Persistent Exposure to Mycoplasma Induces Malignant Transformation of Human Prostate Cells

Recent epidemiologic, genetic, and molecular studies suggest infection and inflammation initiate certain cancers, including those of the prostate. The American Cancer Society, estimates that approximately 20% of all worldwide cancers are caused by infection. Mycoplasma, a genus of bacteria that lack a cell wall, are among the few prokaryotes that can grow in close relationship with mammalian cells, often without any apparent pathology, for extended periods of time.

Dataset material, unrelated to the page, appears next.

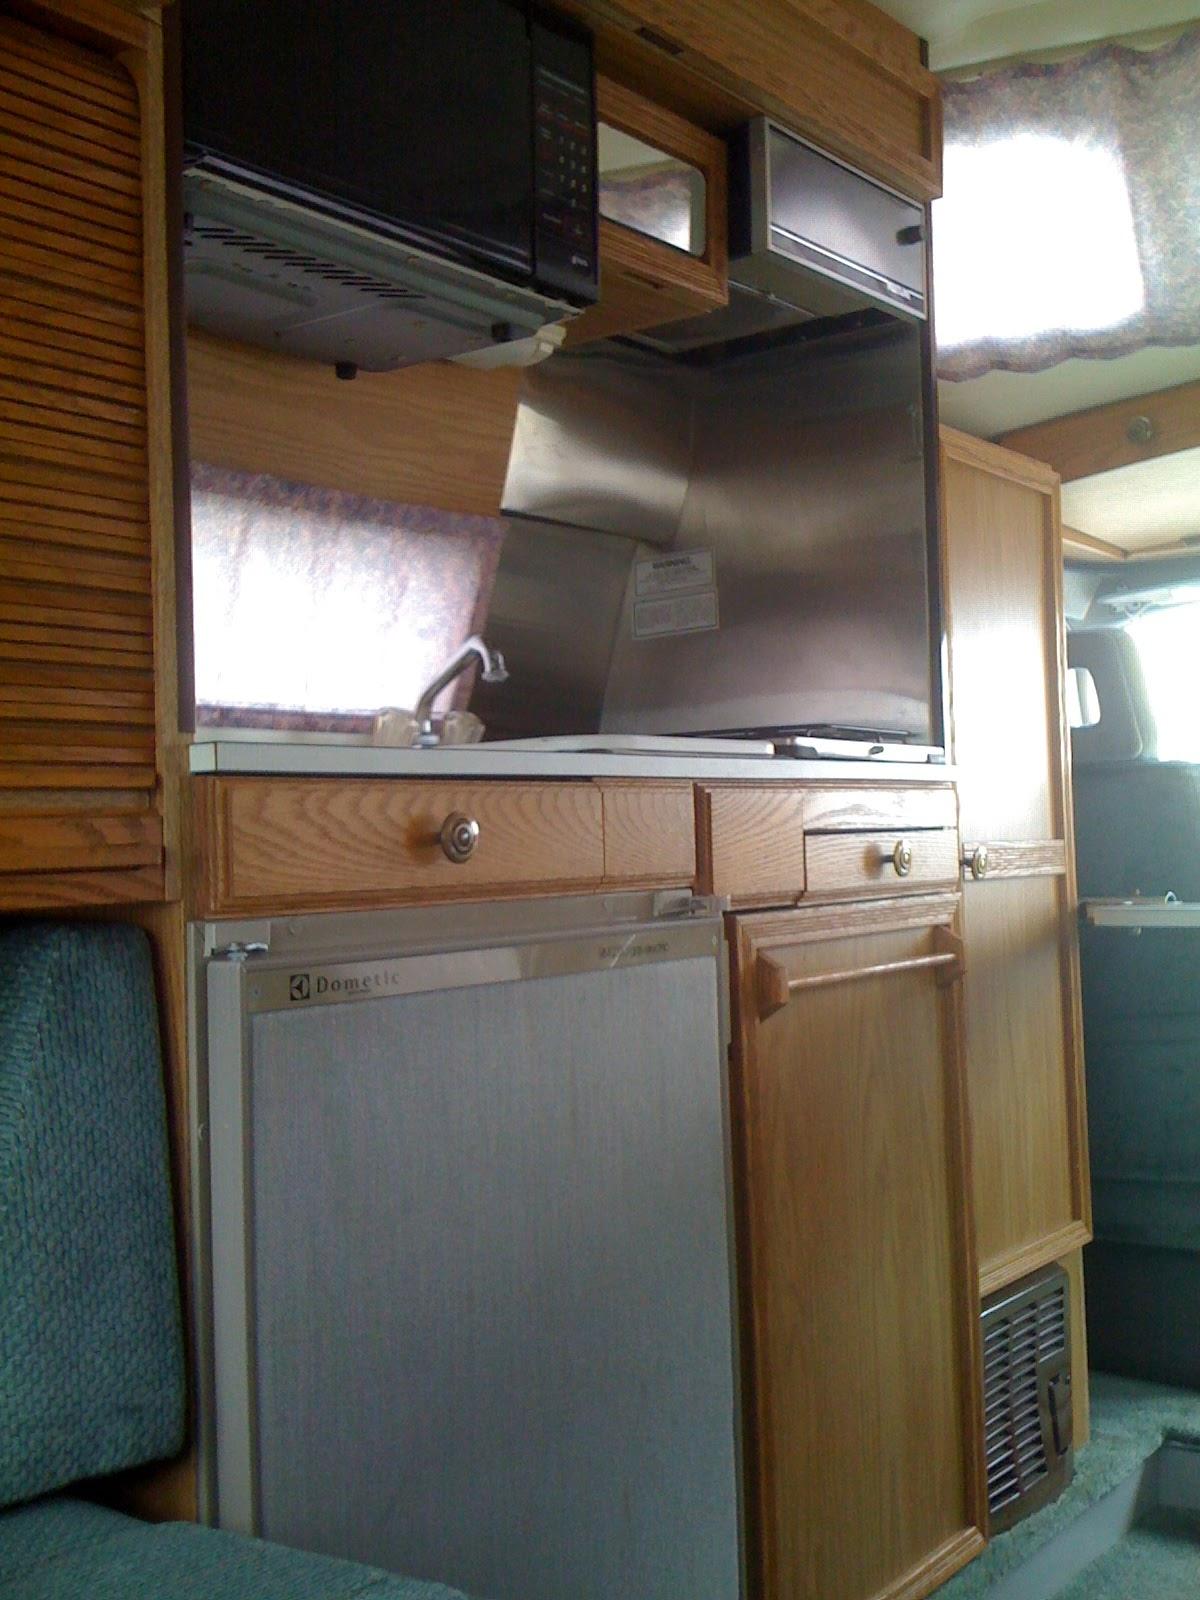 Myroadtrek4sale Awesome Conversion Camper Van Roadtrek 170 Class B Type Rv Fully Self Contained
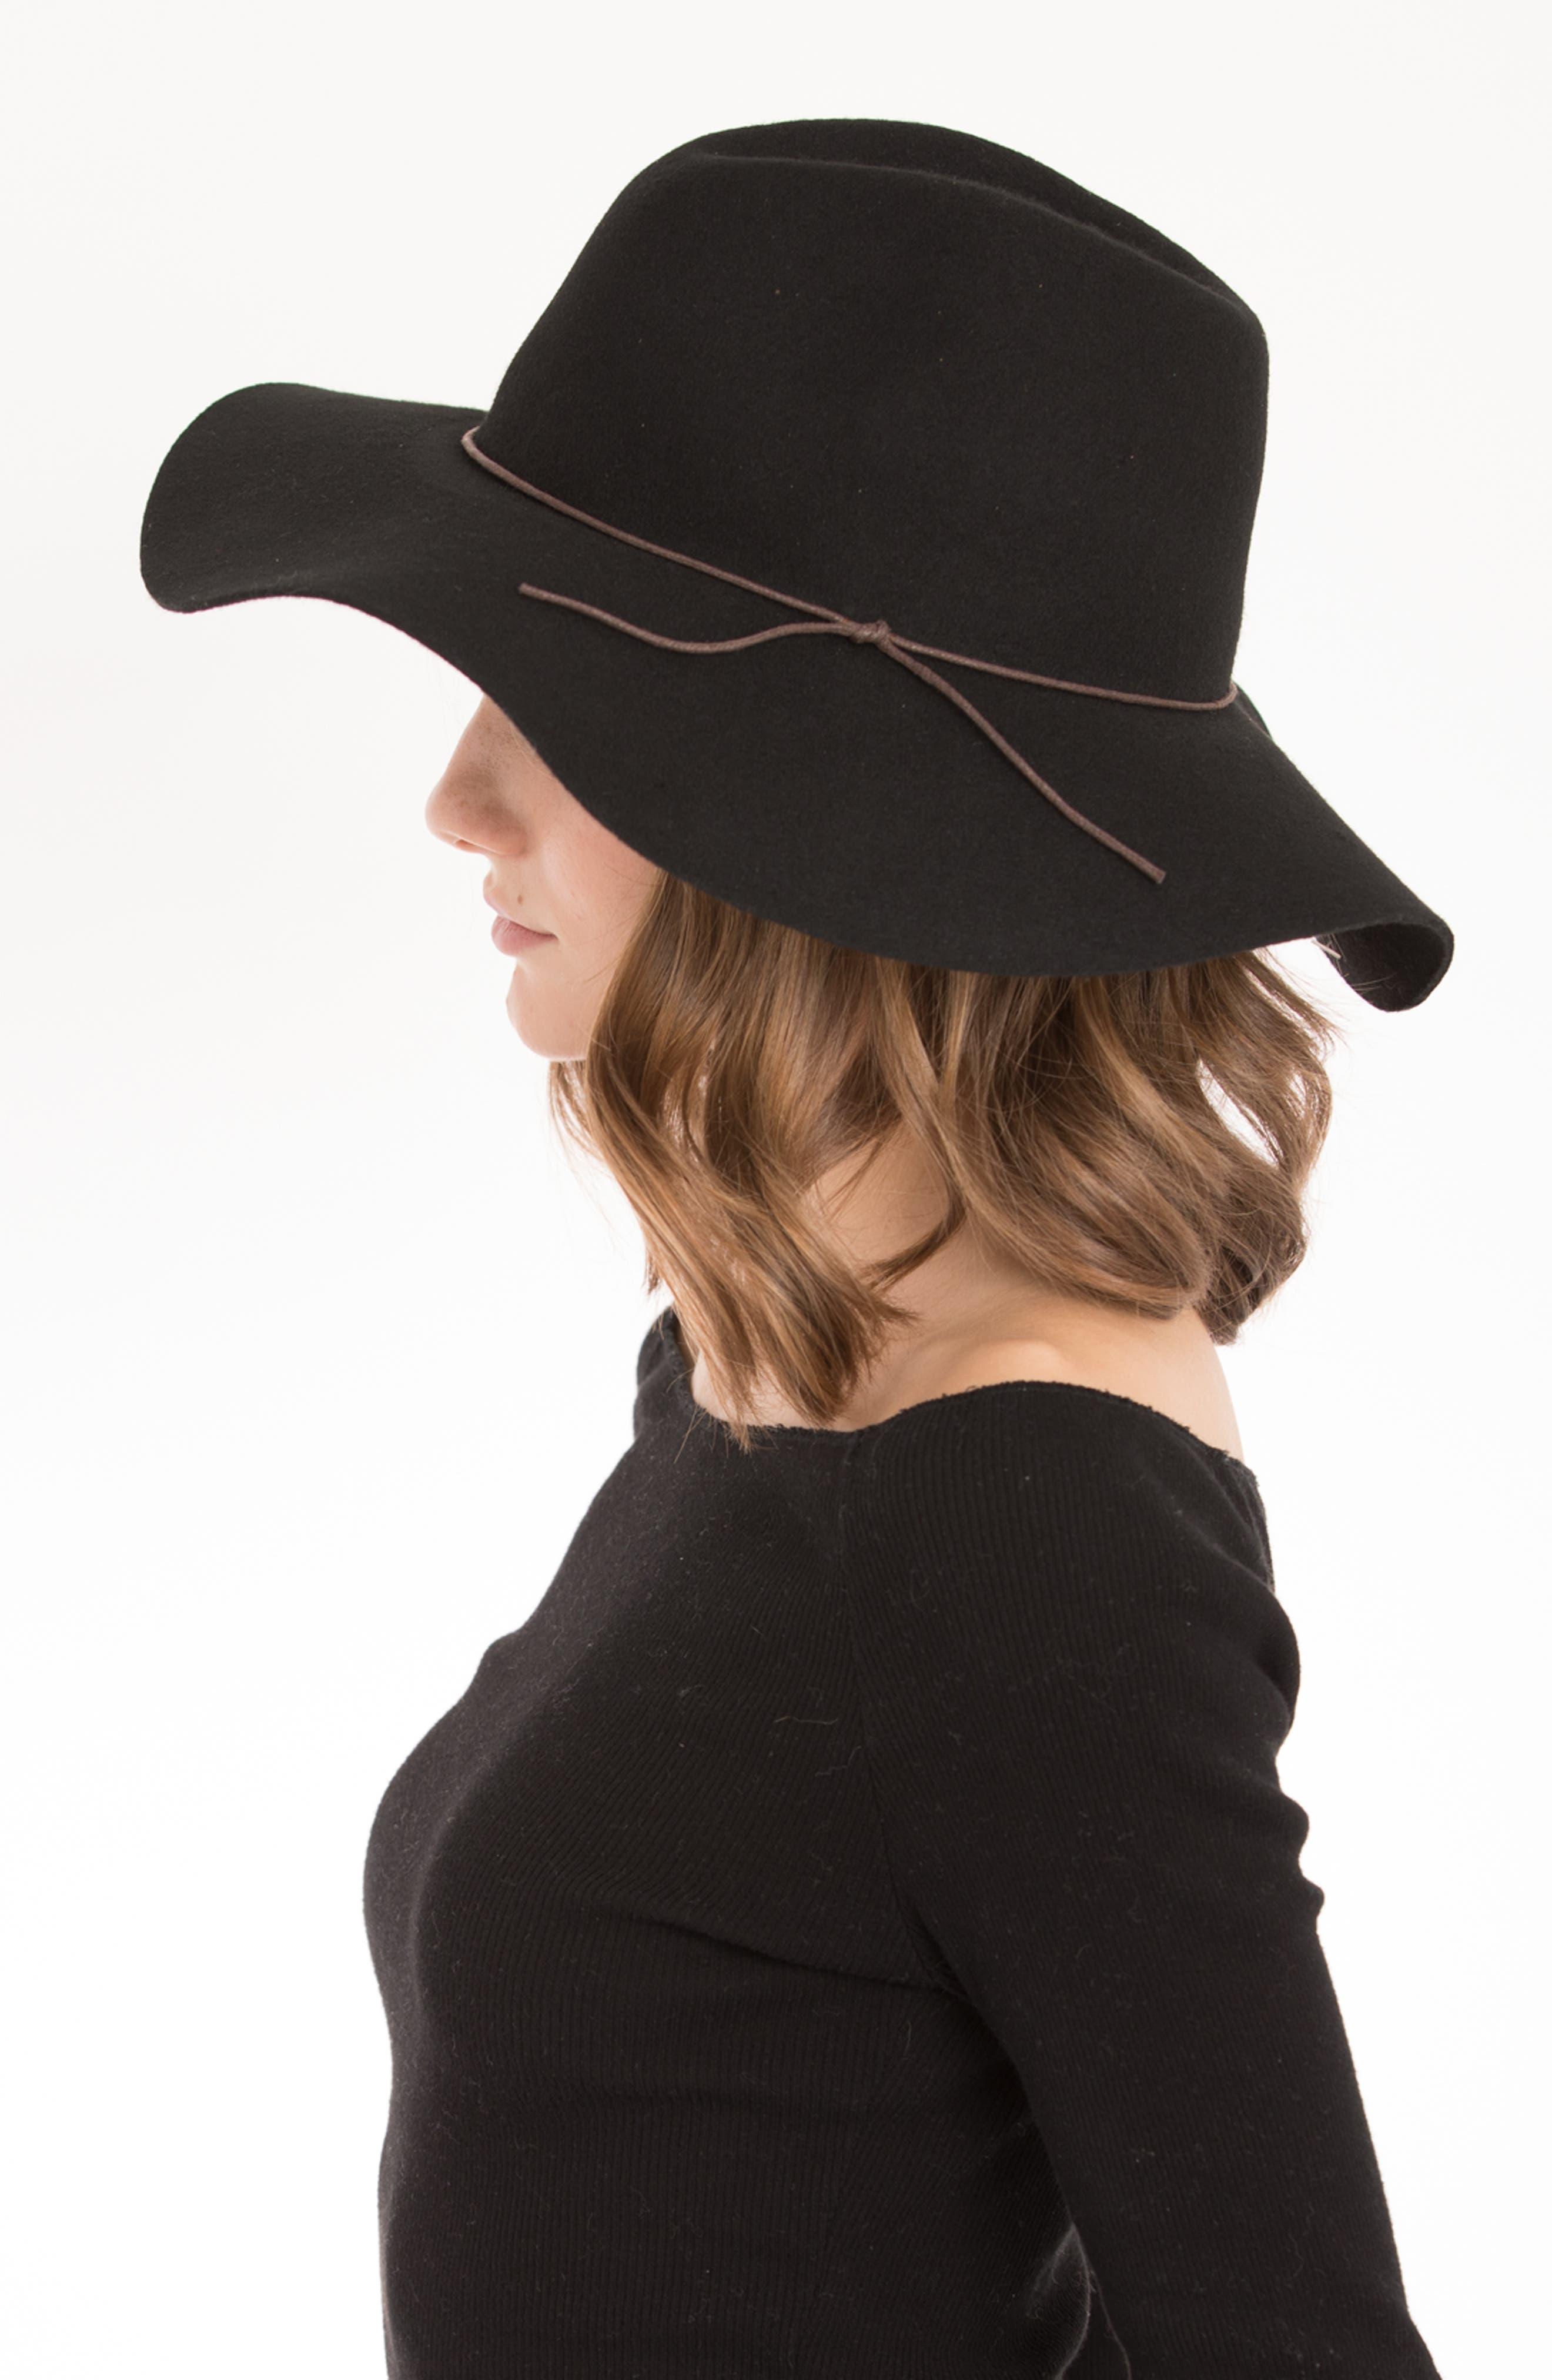 Zima Felted Wool Hat,                             Alternate thumbnail 3, color,                             BLACK

In this study, the capacity of Mycoplasma genitalium, a prevalent sexually transmitted infection, and Mycoplasma hyorhinis, a mycoplasma found at unusually high frequency among patients with AIDS, to induce a malignant phenotype in benign human prostate cells (BPH-1) was evaluated using a series of in vitro and in vivo assays. After 19 weeks of culture, infected BPH-1 cells achieved anchorage-independent growth and increased migration and invasion. Malignant transformation of infected BPH-1 cells was confirmed by the formation of xenograft tumors in athymic mice. Associated with these changes was an increase in karyotypic entropy, evident by the accumulation of chromosomal aberrations and polysomy. This is the first report describing the capacity of M. genitalium or M. hyorhinis infection to lead to the malignant transformation of benign human epithelial cells and may serve as a model to further study the relationship between prostatitis and prostatic carcinogenesis.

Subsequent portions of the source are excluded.